#### AIM OF THE EXERCISE
After locating the line with "PETA demande une" in the data that follows, return it and every later line exactly, up to and including the line with "Jaqueta Bomber +".

#### DATA SHOWN
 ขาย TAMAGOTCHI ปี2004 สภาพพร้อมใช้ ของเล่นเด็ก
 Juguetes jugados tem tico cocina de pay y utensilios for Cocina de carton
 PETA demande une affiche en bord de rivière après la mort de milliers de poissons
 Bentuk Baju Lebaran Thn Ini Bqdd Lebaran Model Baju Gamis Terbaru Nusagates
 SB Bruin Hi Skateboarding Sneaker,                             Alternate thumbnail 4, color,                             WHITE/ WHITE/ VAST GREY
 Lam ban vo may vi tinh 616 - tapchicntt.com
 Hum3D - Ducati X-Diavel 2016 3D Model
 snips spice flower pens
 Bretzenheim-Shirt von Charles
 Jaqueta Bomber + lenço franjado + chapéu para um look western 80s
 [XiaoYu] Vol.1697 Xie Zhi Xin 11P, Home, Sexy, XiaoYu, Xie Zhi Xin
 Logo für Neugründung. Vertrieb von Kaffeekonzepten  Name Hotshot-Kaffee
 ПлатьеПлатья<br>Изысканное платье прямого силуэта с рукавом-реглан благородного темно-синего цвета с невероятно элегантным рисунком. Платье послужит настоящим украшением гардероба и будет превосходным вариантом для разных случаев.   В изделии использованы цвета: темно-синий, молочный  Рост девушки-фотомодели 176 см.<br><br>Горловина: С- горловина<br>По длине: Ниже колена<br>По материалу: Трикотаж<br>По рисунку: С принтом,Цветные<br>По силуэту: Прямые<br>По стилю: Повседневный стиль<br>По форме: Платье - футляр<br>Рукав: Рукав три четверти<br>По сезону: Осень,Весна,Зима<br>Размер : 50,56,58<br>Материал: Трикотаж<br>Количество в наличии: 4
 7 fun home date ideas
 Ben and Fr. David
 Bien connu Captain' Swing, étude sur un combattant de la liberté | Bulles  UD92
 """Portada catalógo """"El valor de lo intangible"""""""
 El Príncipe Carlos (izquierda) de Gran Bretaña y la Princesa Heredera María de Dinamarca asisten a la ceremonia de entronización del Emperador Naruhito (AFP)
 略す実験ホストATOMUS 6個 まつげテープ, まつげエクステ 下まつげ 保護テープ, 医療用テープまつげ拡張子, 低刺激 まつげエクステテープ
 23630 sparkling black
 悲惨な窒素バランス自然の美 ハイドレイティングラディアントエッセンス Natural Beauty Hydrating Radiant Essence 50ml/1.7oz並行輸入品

#### RESPONSE
 PETA demande une affiche en bord de rivière après la mort de milliers de poissons
 Bentuk Baju Lebaran Thn Ini Bqdd Lebaran Model Baju Gamis Terbaru Nusagates
 SB Bruin Hi Skateboarding Sneaker,                             Alternate thumbnail 4, color,                             WHITE/ WHITE/ VAST GREY
 Lam ban vo may vi tinh 616 - tapchicntt.com
 Hum3D - Ducati X-Diavel 2016 3D Model
 snips spice flower pens
 Bretzenheim-Shirt von Charles
 Jaqueta Bomber + lenço franjado + chapéu para um look western 80s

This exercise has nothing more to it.